20-03-2015

Don d’organes, bientôt automatique ?

Un amendement déposé par le député Jean-Louis Touraine a été adopté en commission des affaires sociales de l’Assemblée nationale, lors de l’examen de la loi santé le 19 mars 2015. Passé inaperçu avant qu’il ne soit voté au cours de la nuit, cet amendement vise à modifier le Code de la santé publique concernant le don d’organes.
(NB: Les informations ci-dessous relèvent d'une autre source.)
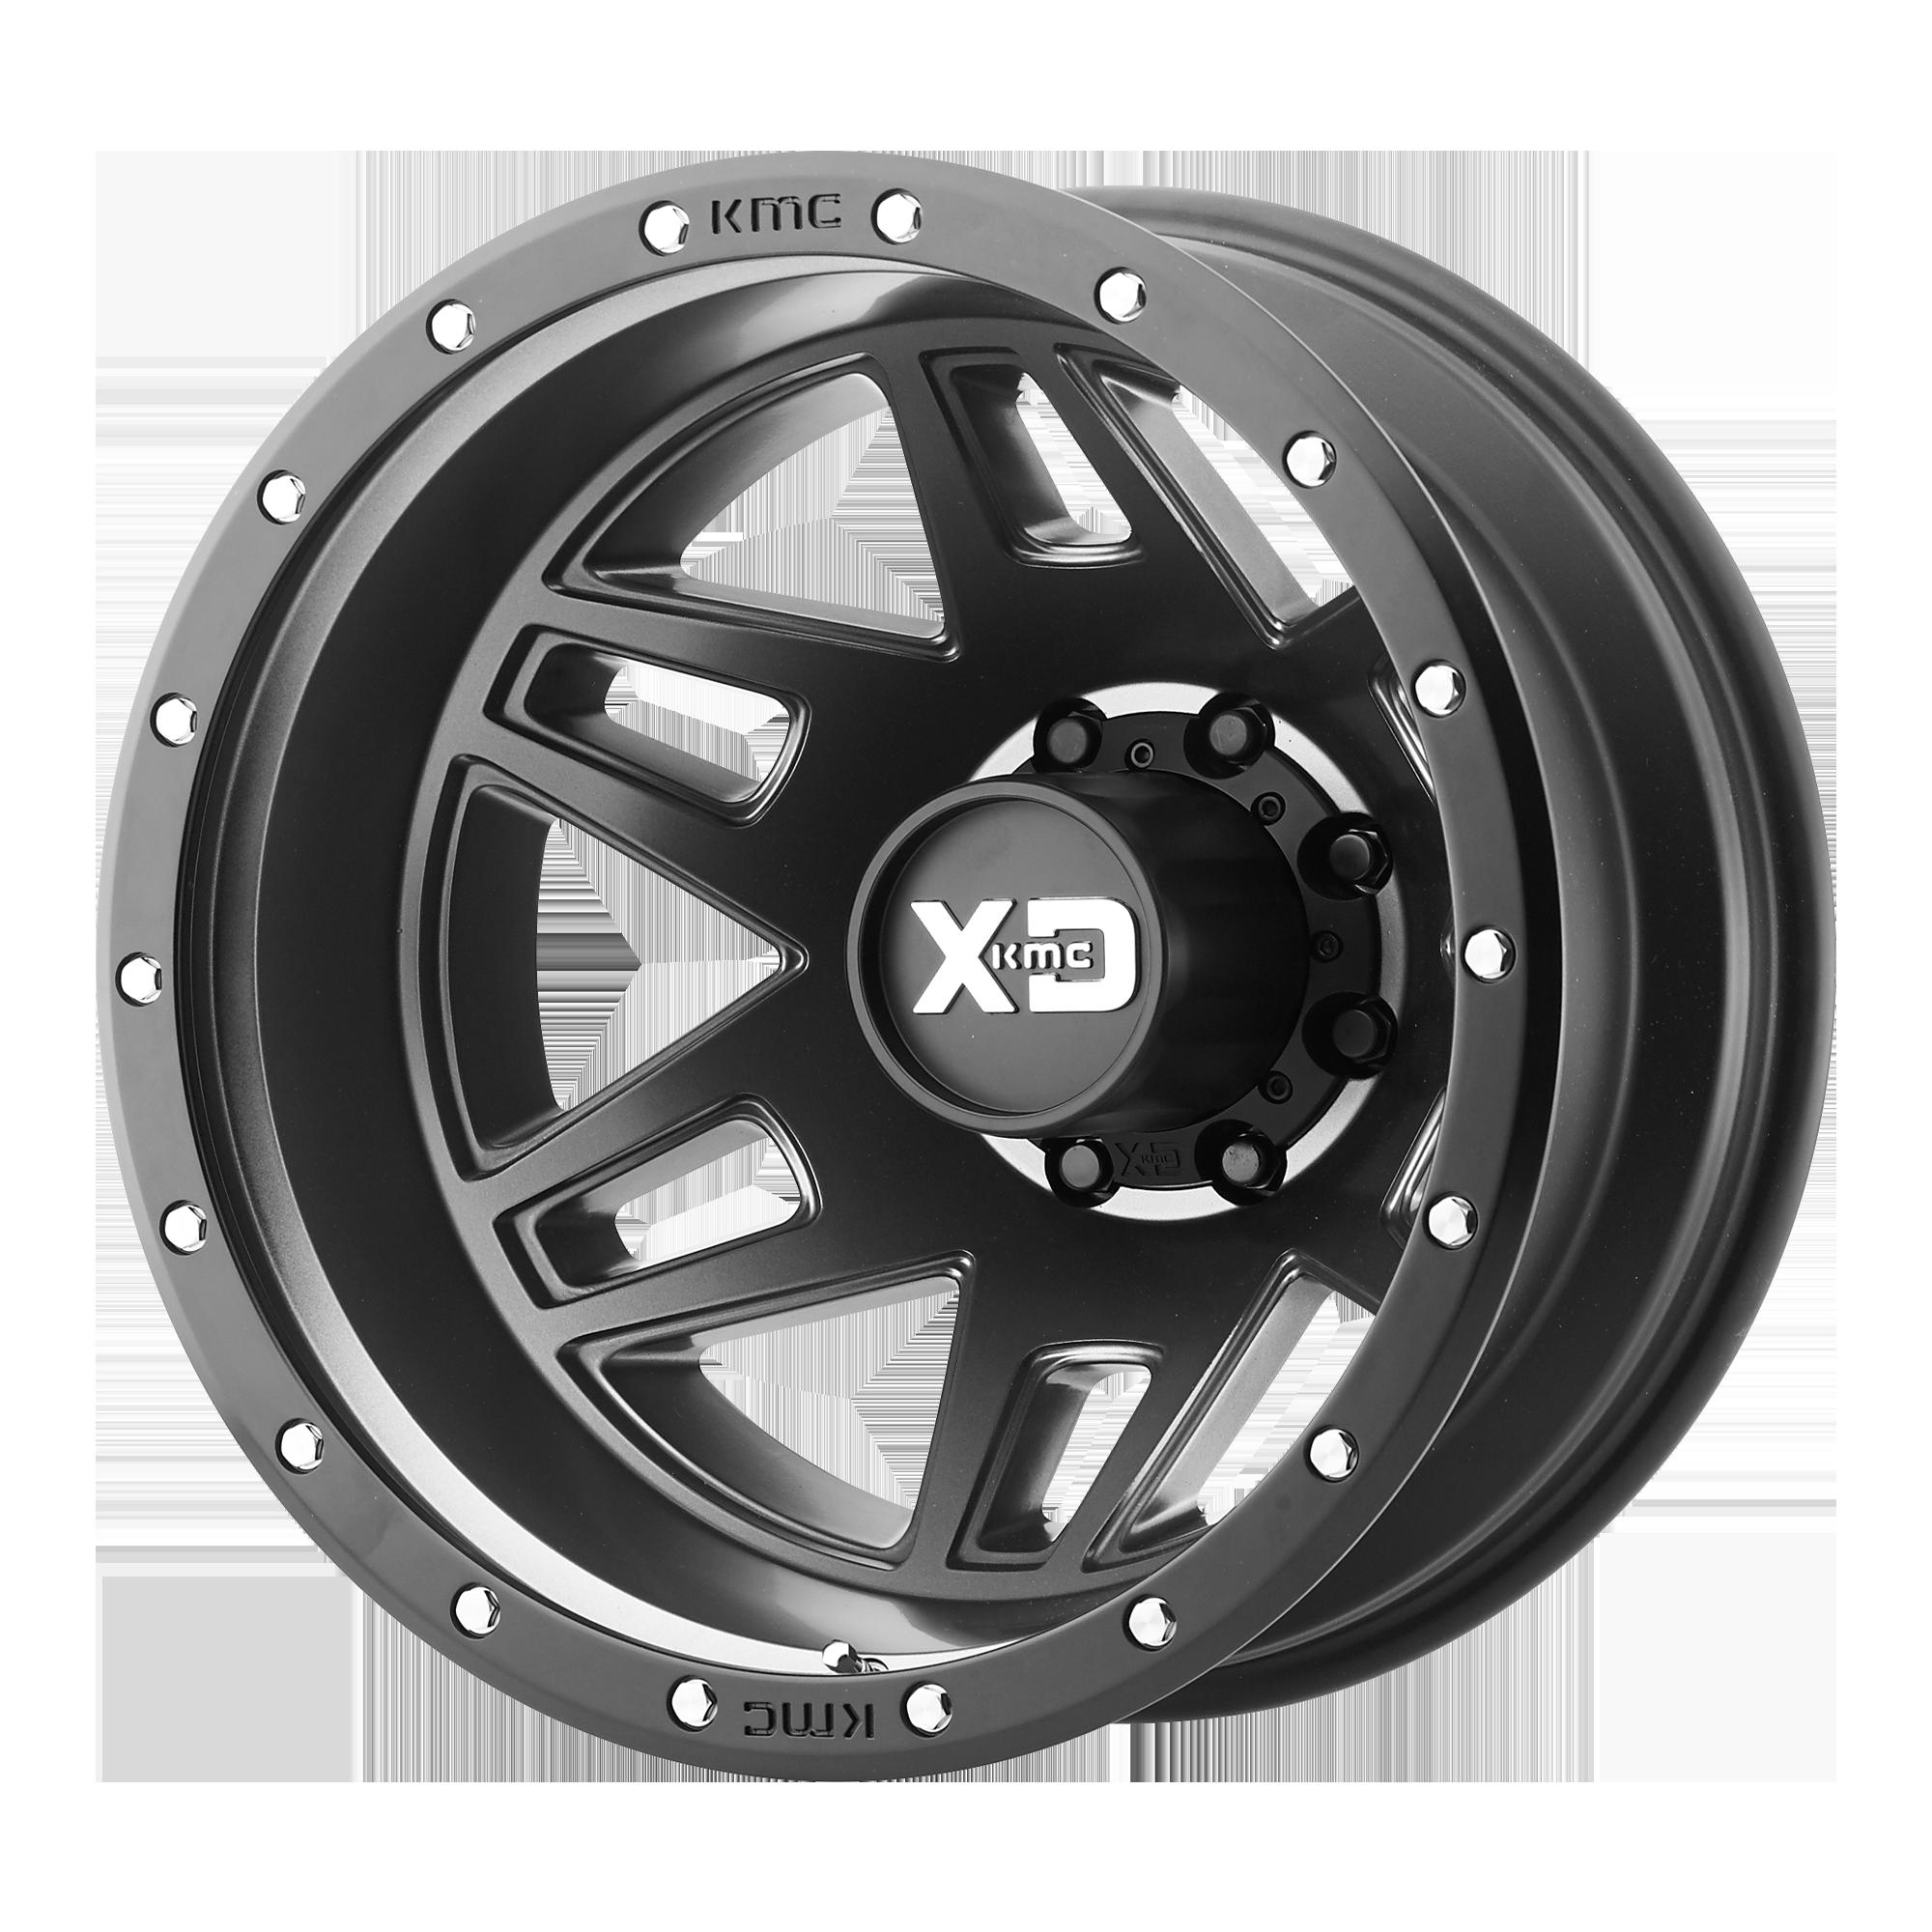 XD SERIES XD130 MACHETE DUALLY hliníkové disky 7,5x20 8x170 ET-152 Satin Black With Reinforcing Ring

L’amendement précise que « ce prélèvement peut être pratiqué dès lors que la personne majeure n’a pas fait connaître, de son vivant, son refus d’un tel prélèvement. Ce refus est exprimé par l’inscription sur un registre national automatisé prévu à cet effet. Il est révocable à tout moment ». Dans le Code de la santé publique actuel, ce refus peut être exprimé « par tout moyen », pas uniquement par ce registre unique.

Le prélèvement d’organes concernerait donc d’office toute personne décédée, si elle n’a pas fait savoir auparavant son refus selon une procédure unique.

Cet amendement vise également à exclure les familles et les proches de la consultation préalable, leur consentement ne serait plus nécessaire, l’article précise juste que  « les proches du défunt sont informés des prélèvements envisagés et de la finalité de ces prélèvements. »

Le don d’organes relève d’une forme de solidarité permettant de sauver de nombreuses vies chaque année. Pour autant, la pénurie d’organes ne doit pas faire dériver un encadrement strictement réglementé : s’assurer du libre consentement (ou du moins du non-refus) et de la finalité thérapeutique ; puis contrôler les conditions de prélèvement d’organes, en particulier ceux sur « donneur à cœur arrêté » ou sur patients chez qui on décide d’arrêter les traitements, car le prélèvement d’organe ne peut se faire au détriment de soins dus à des malades incurables ou à des personnes parvenues à un grand âge.